Supervised Learning falls into two categories:
 Refinement : Here our target variable consists of categories.
 Regression : here our target variable is continuous and we usually try to find the line of the curve.
Since we realized that we need labeled data to do supervised learning. How can we get the tagged data? There are various ways to get tagged data:
 Historically tagged data
 An experiment to get the data. We can conduct experiments to create labeled data, such as A / B testing.
 Crowdsourcing
Now is the time to understand algorithms that can be used to solve the problem of controlled machine learning. In this post, we will be using the popular scikitlearn
.
Note: There are few other packages as well like TensorFlow, Keras etc to perform supervised learning.
KNearest Neighbor Algorithm:
This algorithm is used to solve classification model problems ... The KNearest Neighbor or KNN algorithm basically creates an imaginary boundary for classifying data. When new data points arrive, the algorithm will try to predict this to the closest border.
Therefore, a larger k value means softer partition curves, resulting in less complex models. Whereas a smaller kvalue tends to outperform the data and lead to complex models.
Note. It is very important to have the correct kvalue when analyzing the dataset to avoid overfitting and underfitting. fitting a dataset.
Using the knearest neighbor algorithm, we fit historical data (or train the model) and predict the future.
Example of knearest neighbor algorithm

The above example takes the following steps:
 The knearest neighbor algorithm is imported from the scikitlearn package.
 Create feature and target variables.
 Divide the data into training and test data.
 Create a kNN model using the value neighbors.
 Train or put the data in the model.
 Predict the future.
We have seen how we can use the KNN algorithm to solve supervised machine learning problems. But how do you measure the accuracy of a model?
Consider the example below, where we predicted the performance of the above model:
# Import required modules
from
sklearn.neighbors
import
KNeighborsClassifier
from
sklearn.model_selection
import
train_test_split
from
sklearn.datasets
import
load_iris
# Loading data
irisData
=
load_iris ()
# Create objects and target arrays
X
=
irisData.data
y
=
irisData.target
# Split into training and test set
X_train, X_test, y_train, y_test
=
train_test_split (
X, y, test_size
=
0.2
, random_state
=
42
)
knn
= KNeighborsClassifier (n_neighbors
=
7
)
knn. fit (X_train, y_train)
# Calculate model accuracy
print
(knn.score (X_test, y_test))
Model accuracy:
Everything is going fine. But how do you determine the correct kvalue for a dataset? Obviously, we need to be familiar with the data in order to get the range of the expected k value, but to get the exact k value, we need to test the model for each expected k value. Refer to the example shown below.

Output:
Here, in the example shown above, we create a graph to see the k value for which we have high precision.

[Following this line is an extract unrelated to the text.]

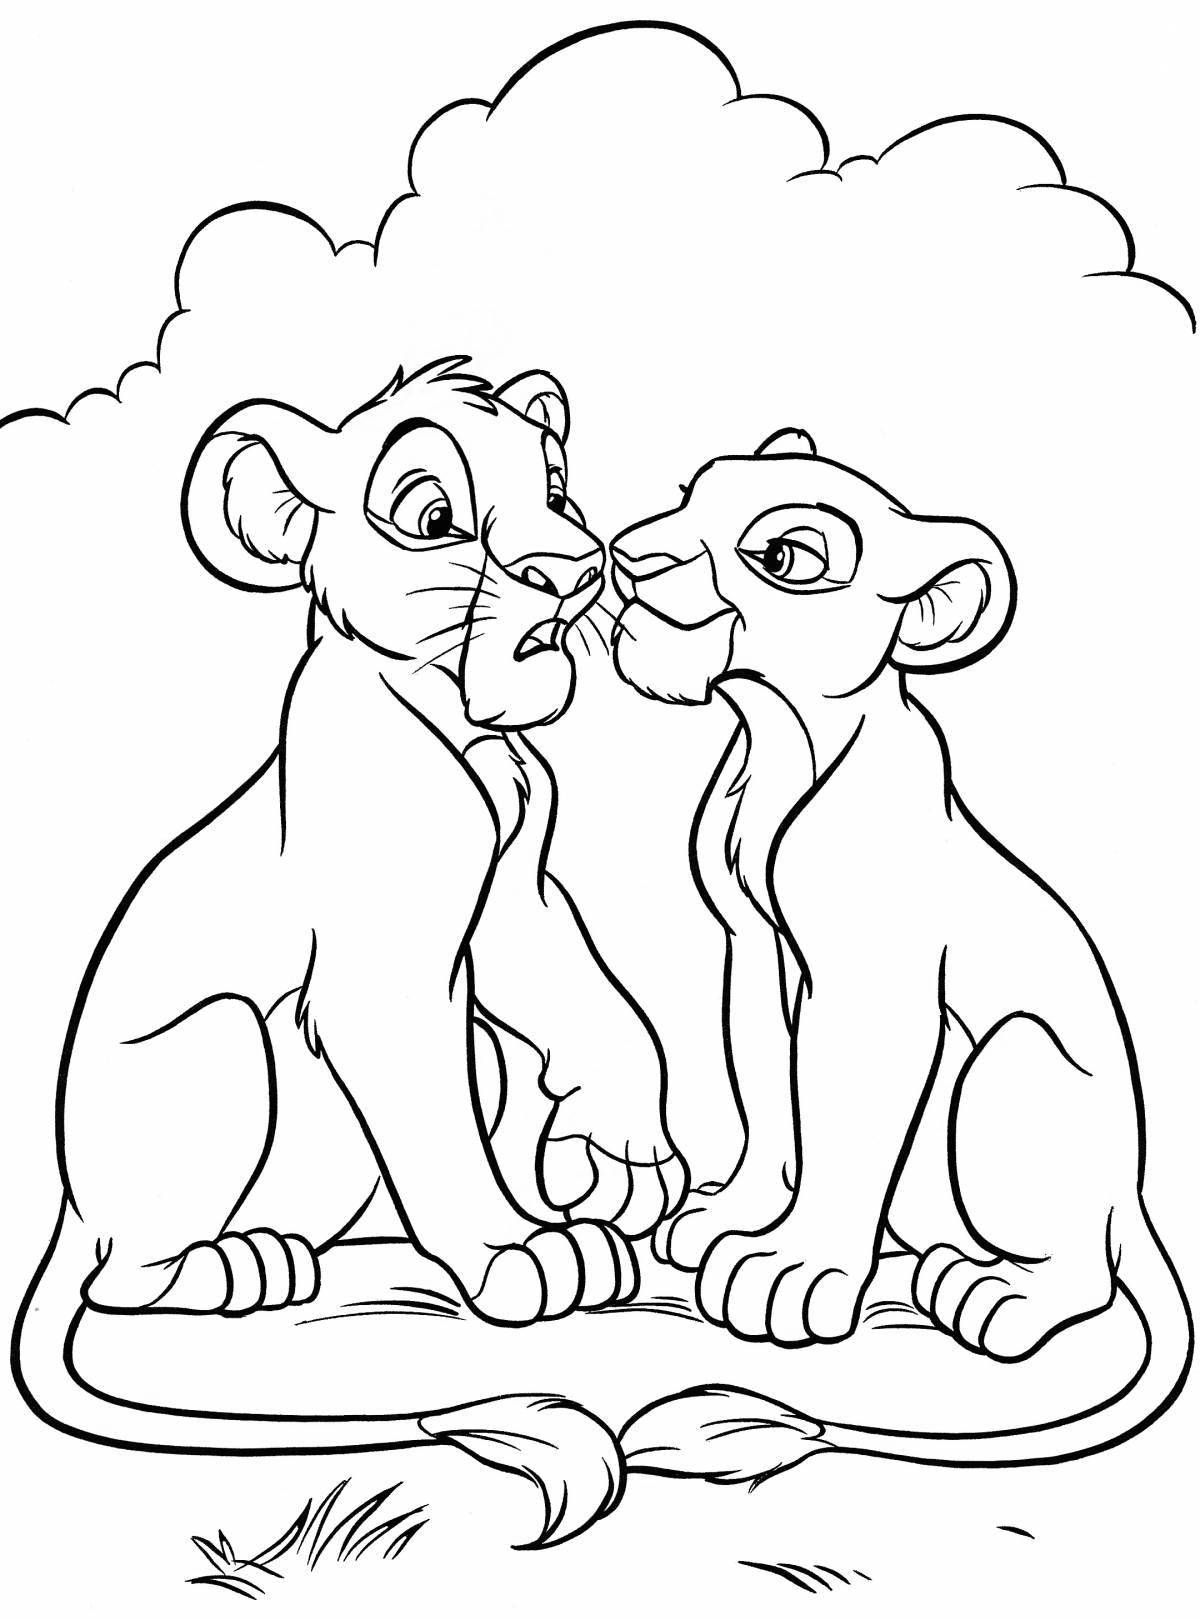 Simba and Nala playful coloring

Note. This is a method that is not used in the industry to select the correct value for n_neighbors. Instead, we tune the hyperparameter to select the value that provides the best performance. We will cover this in future posts.
Summary —
In this post, we understood what supervised learning is and what its categories are. With a basic understanding of supervised learning, we examined the knearest neighbor algorithm that is used to solve supervised machine learning problems. We also explored measuring the accuracy of the model.